Problem requirements
From the data below, repeat everything exactly except the images.

Supplied data
= = = = = = =
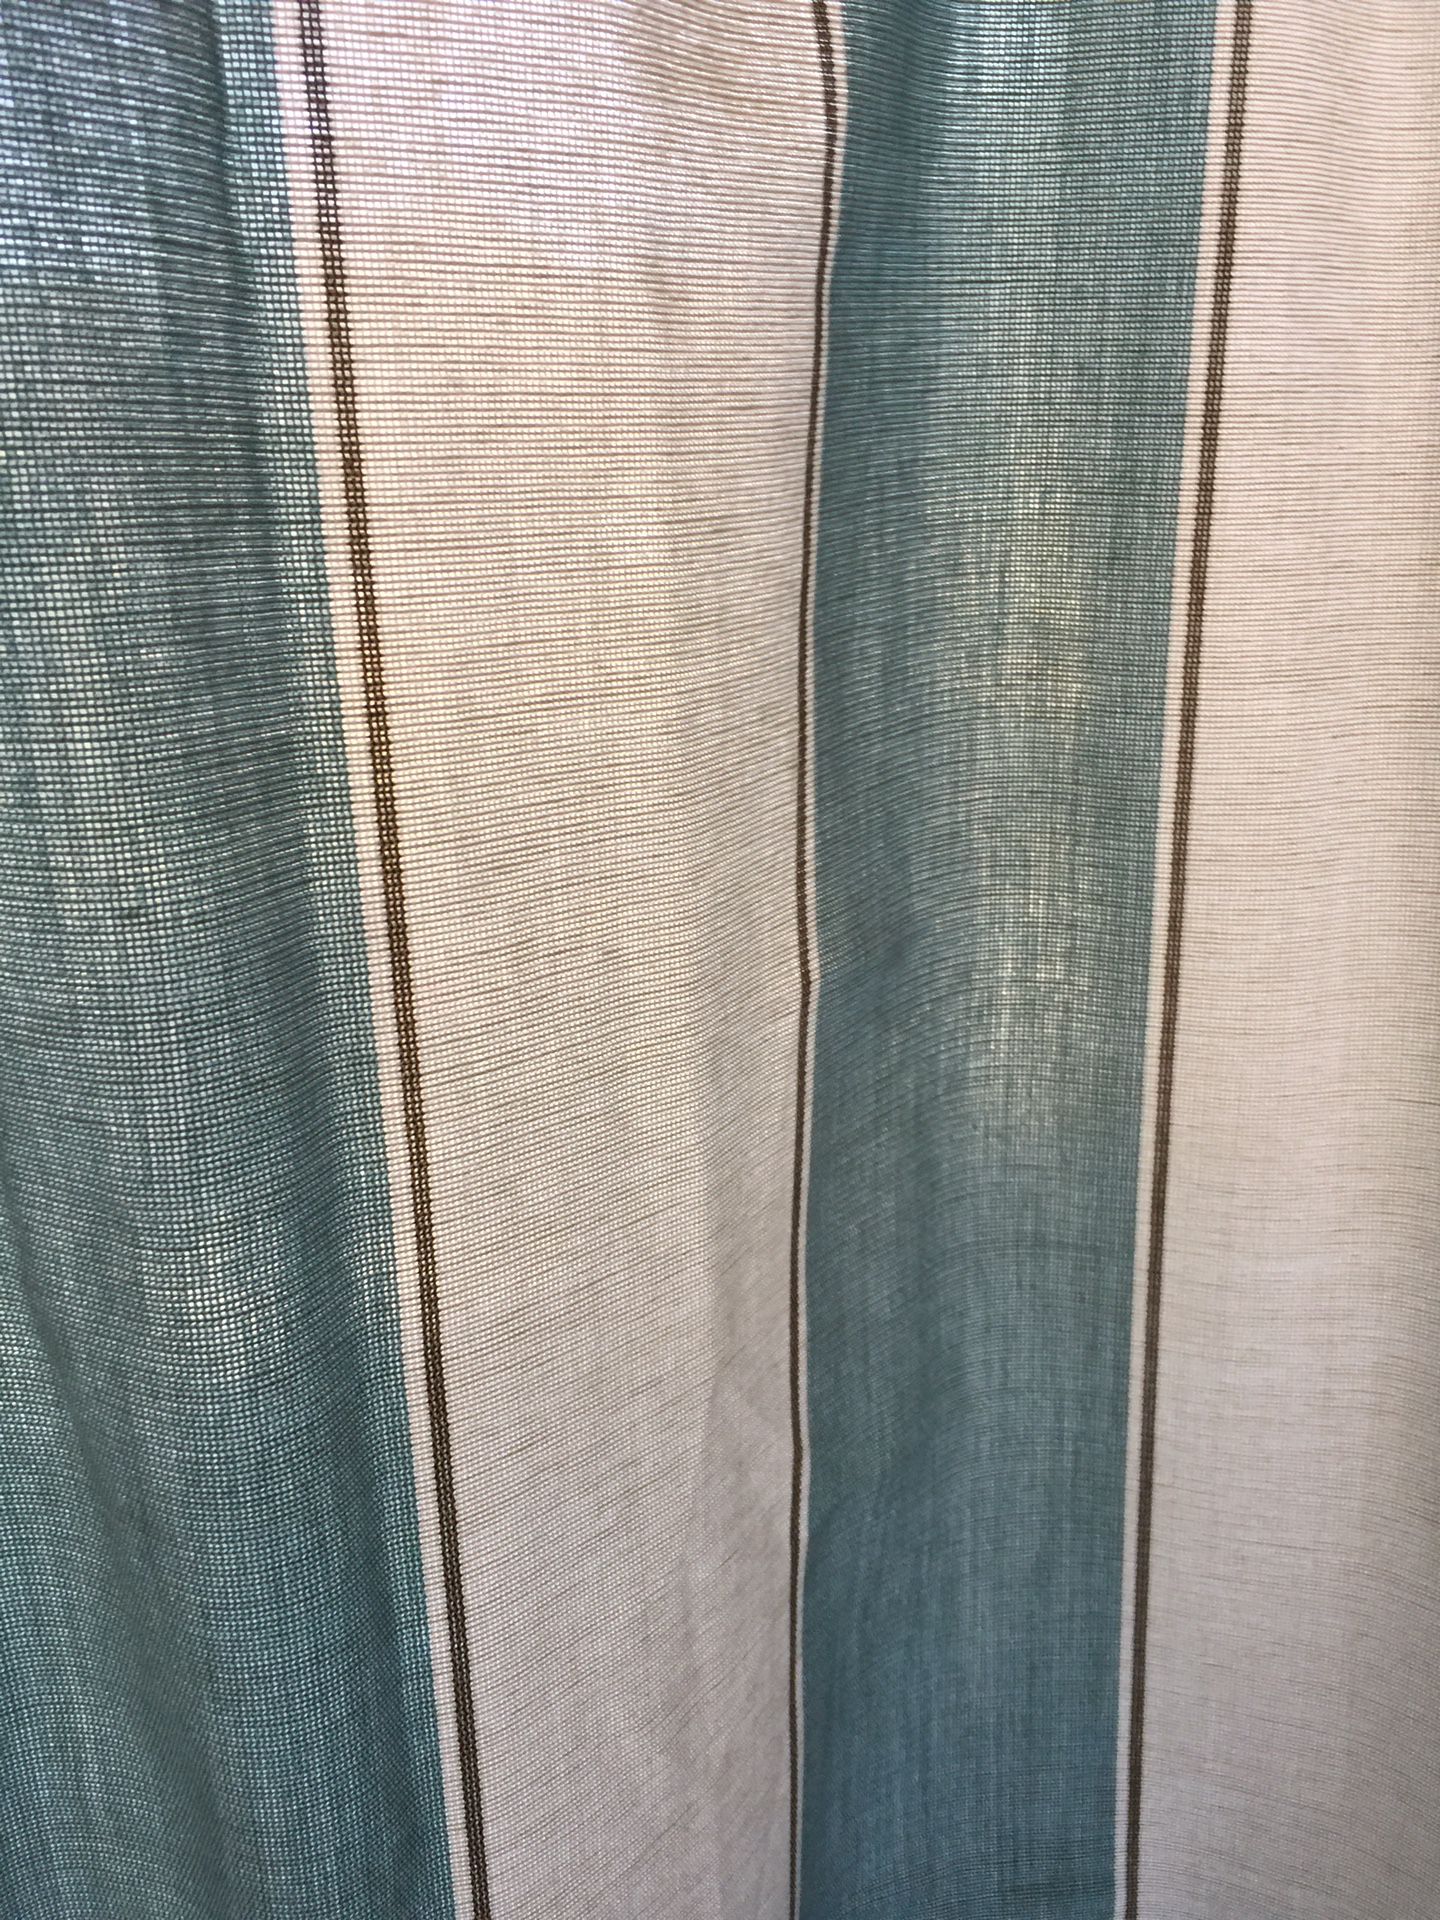 Set of 6 Stripe Drapes White and Soft Teal 55”W x84”L 10$ For one
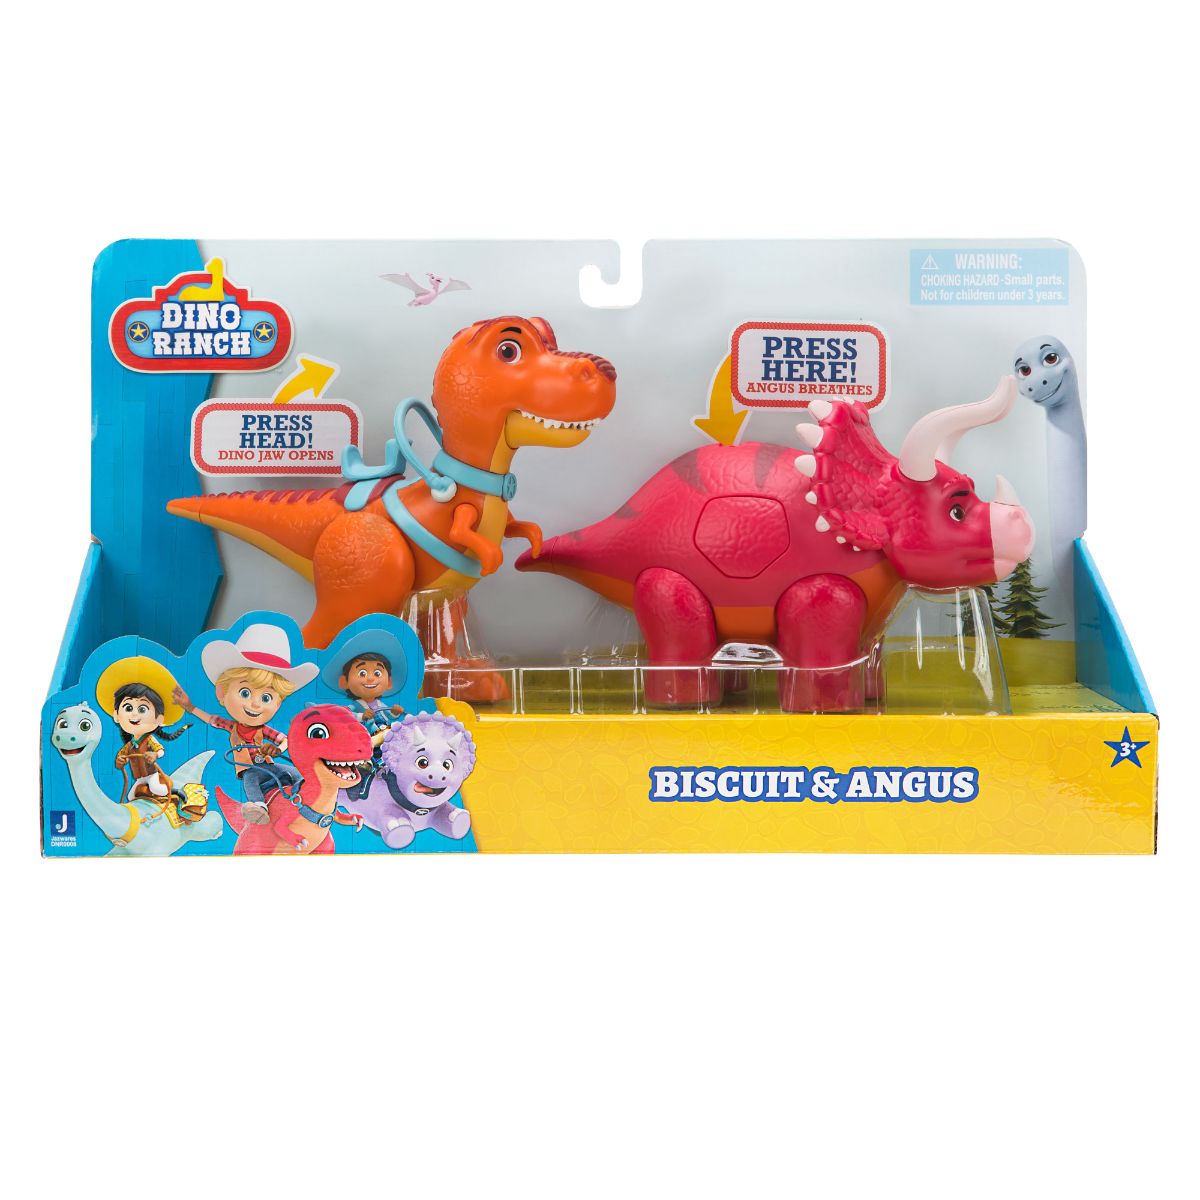 Set 2 dinozauri, Biscuit si Angus, Dino Ranch, Deluxe Dino Pack, DNR0008 Angus imagine 2022 protejamcopilaria.ro
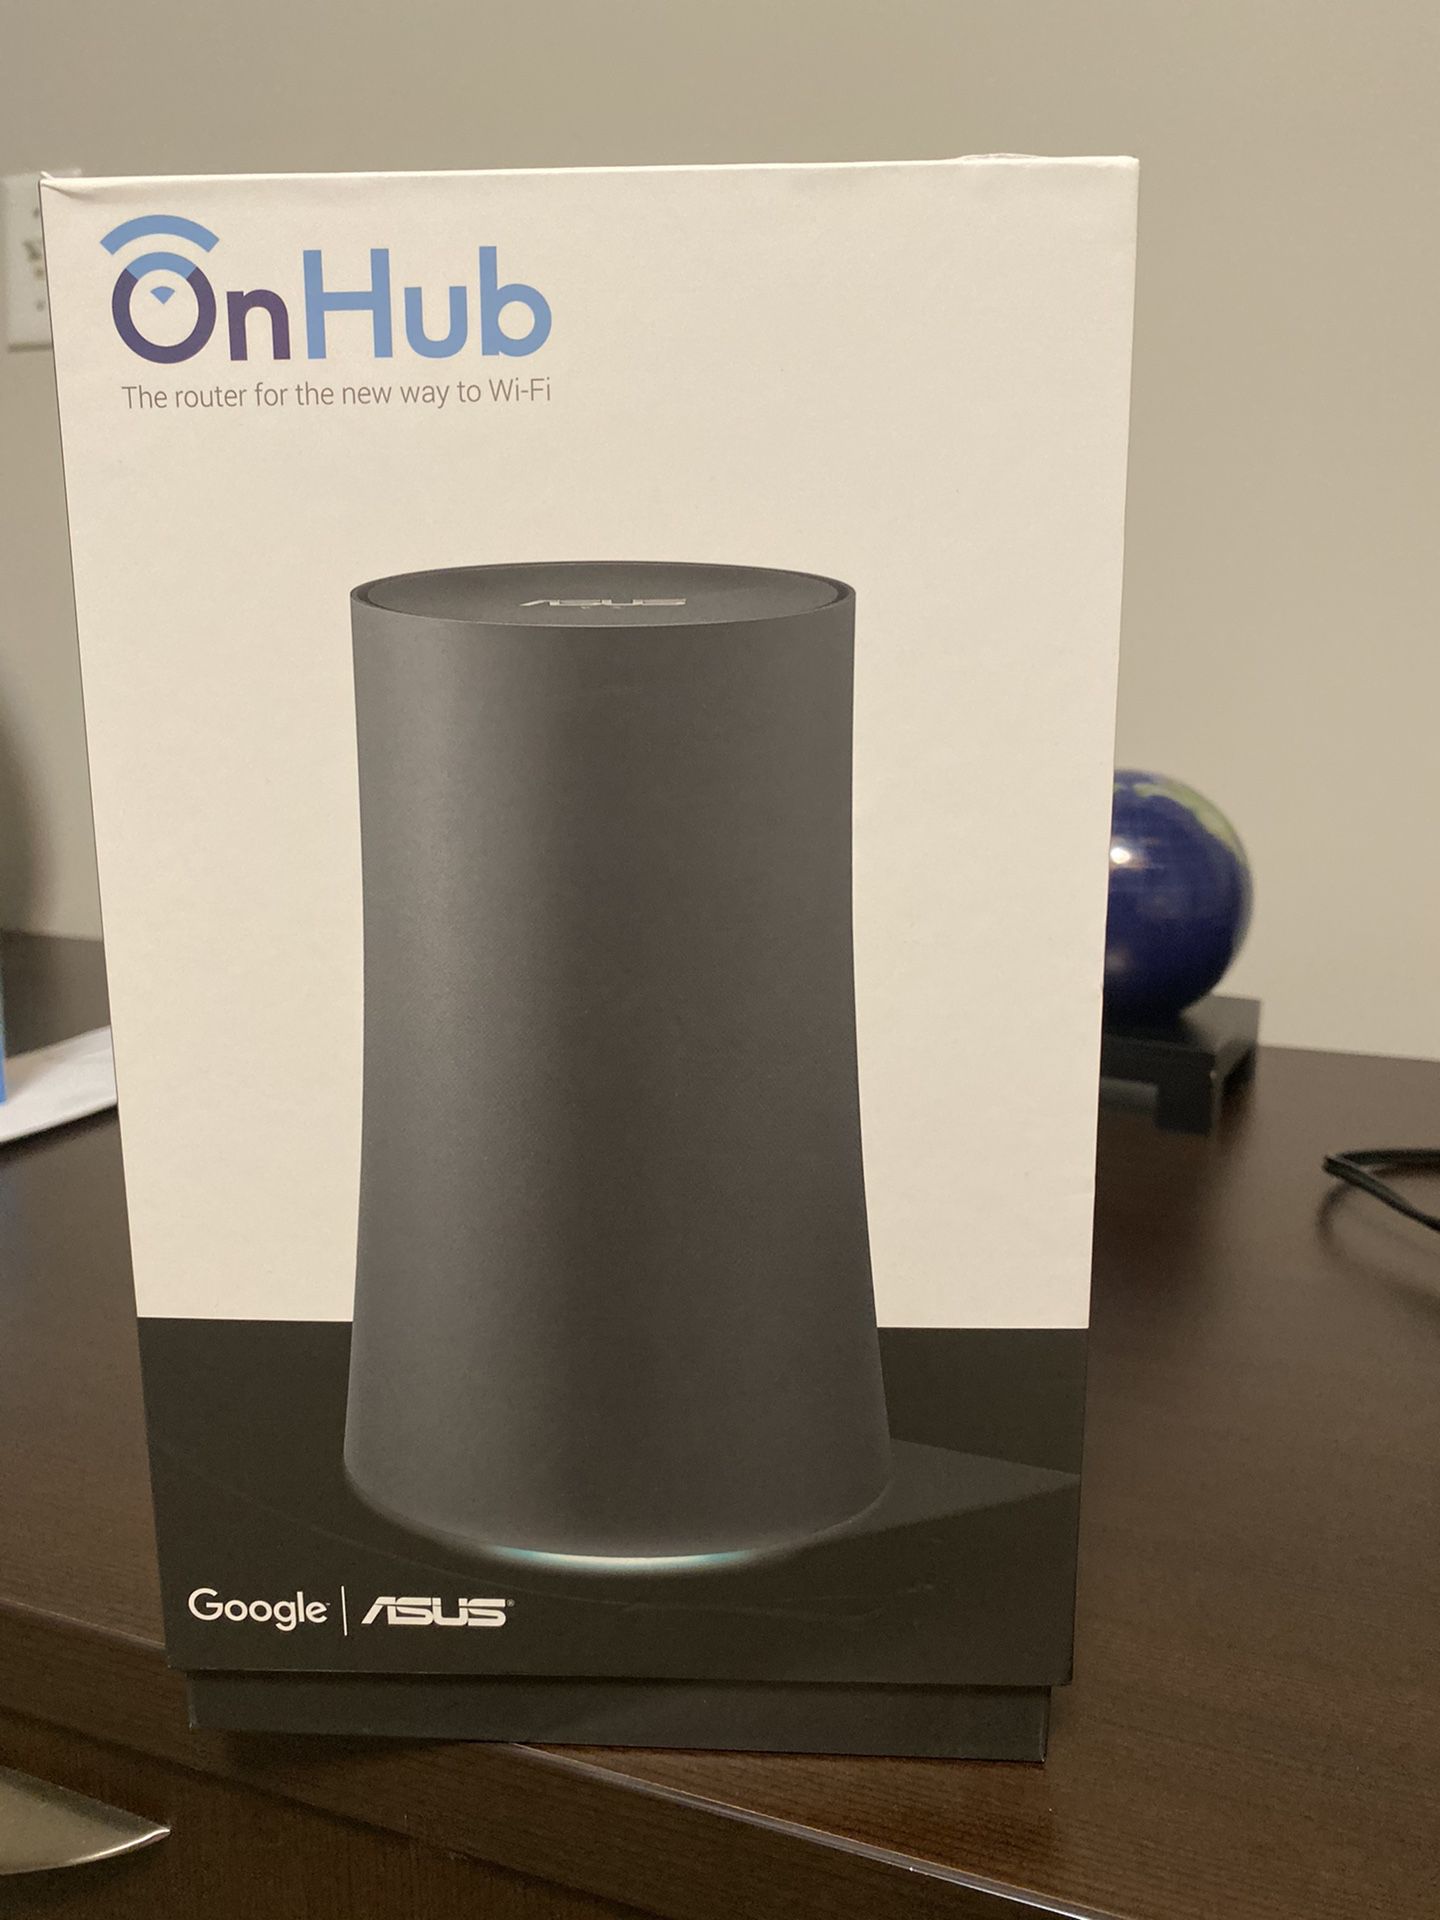 Google Asus OnHub Dual Band Wireless Router
= = = = = = =
Written solution
 Set of 6 Stripe Drapes White and Soft Teal 55”W x84”L 10$ For one
 Set 2 dinozauri, Biscuit si Angus, Dino Ranch, Deluxe Dino Pack, DNR0008 Angus imagine 2022 protejamcopilaria.ro
 Google Asus OnHub Dual Band Wireless Router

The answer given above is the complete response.